Both quantitative metrics and visual analysis confirm the superior overall performance of aisPLS, particularly its high correction reliability under strong noise interference, which provides robust support for its application in complex real-world scenarios.

3. Baseline Correction Results and Analysis for Experimental Raman Spectra

The simulation results in the preceding section have demonstrated the effectiveness of the proposed aisPLS algorithm. To further assess its applicability and reliability in practical detection scenarios, validation experiments were conducted using experimentally measured Raman spectra. Both mineral and organic solution samples were analyzed. The mineral Raman spectra, characterized by weak signals and severe baseline drift, were employed to evaluate the algorithm’s capability in preserving weak spectral features and its accuracy in baseline correction. Meanwhile, the organic solution spectra, despite exhibiting relatively strong signals, still presented noticeable baseline drift, and were thus used to investigate the algorithm’s impact on improving subsequent quantitative analysis.

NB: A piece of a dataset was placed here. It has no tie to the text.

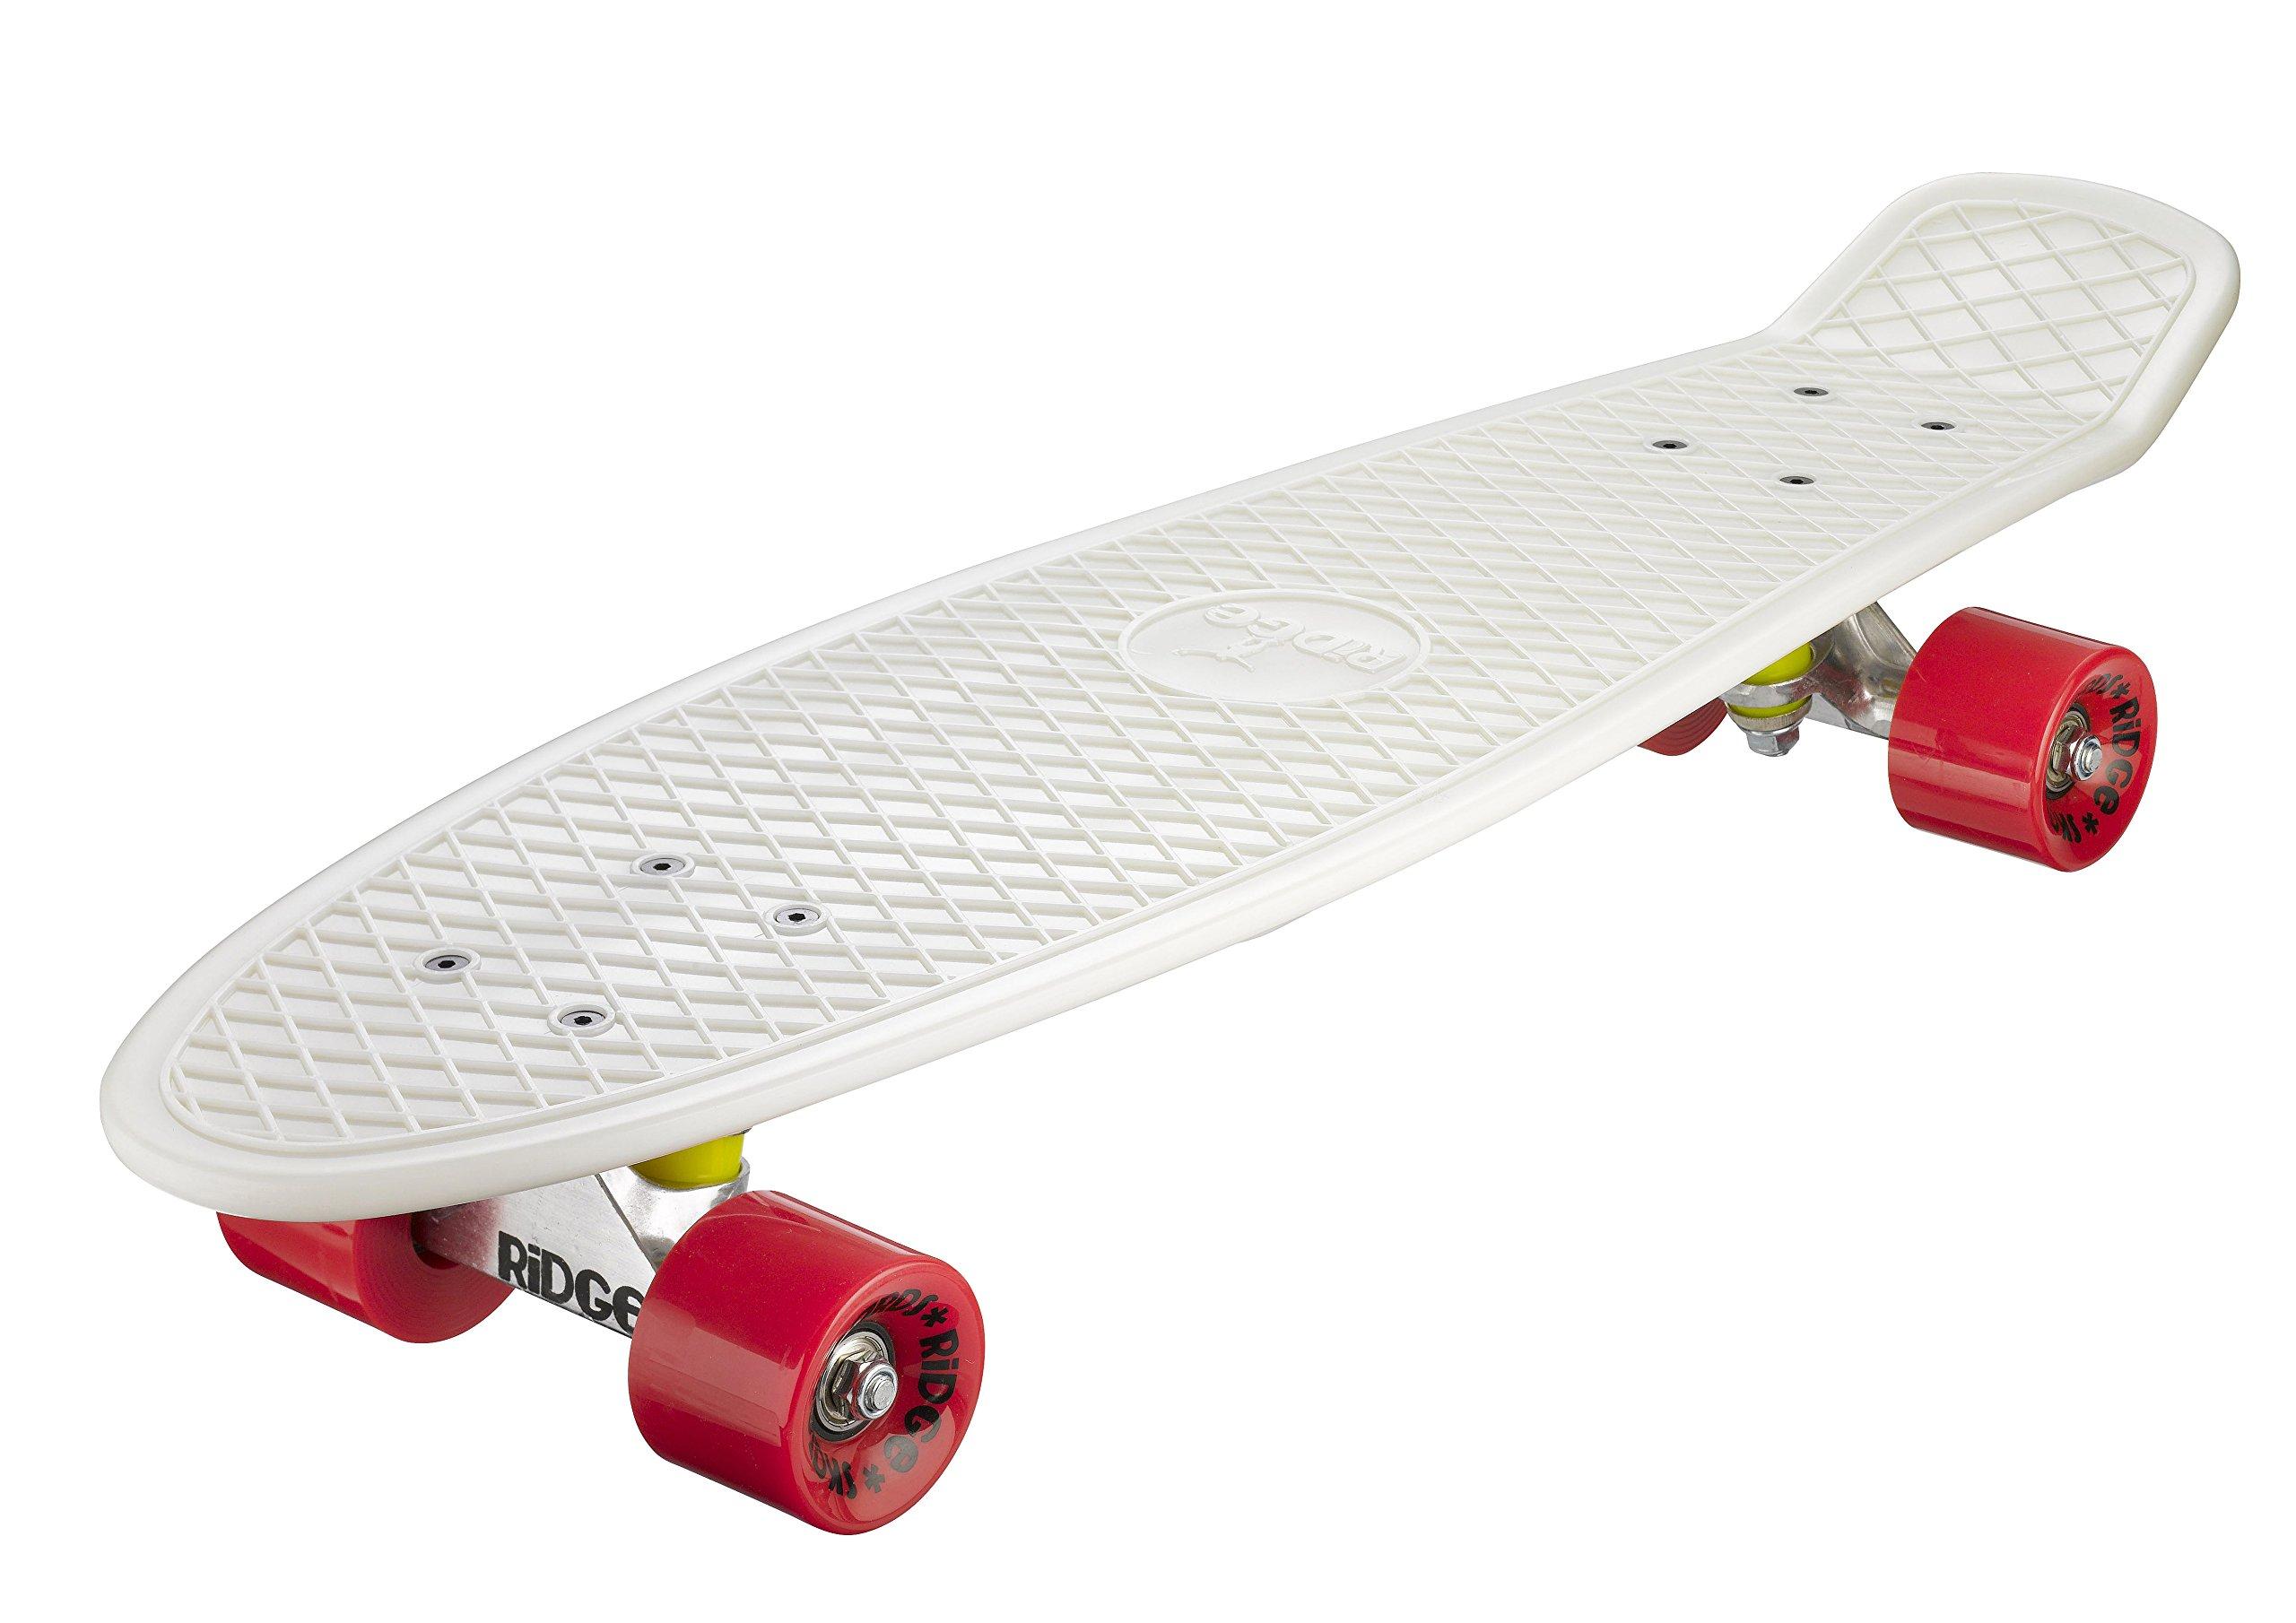 Ridge Skateboards Glow in Dark Big Brother Cruiser Skateboard - Red, 27-Inch

3.1. Raman Spectra of Minerals

The experimental setup employed a prototype Raman spectrometer. The samples tested were polished thin sections of peridotite and pyroxene. The excitation wavelength was 532 nm, with a spectral acquisition range of 200–1200 cm⁻¹ and a spectral resolution of 5 cm⁻¹. The working distance was set to 30 mm. Each spectrum was acquired with an integration time of 1 s, and 20 acquisitions were averaged to obtain the final result, thereby minimizing random noise interference.

Raman spectra of pyroxene, forsterite, and fayalite were measured experimentally, and the correction results of four baseline correction algorithms were compared. As can be seen from the raw spectra in Figure 3, all three mineral samples exhibit severe baseline drift along with weak signal intensity, with some characteristic peaks being obscured by the baseline drift and noise.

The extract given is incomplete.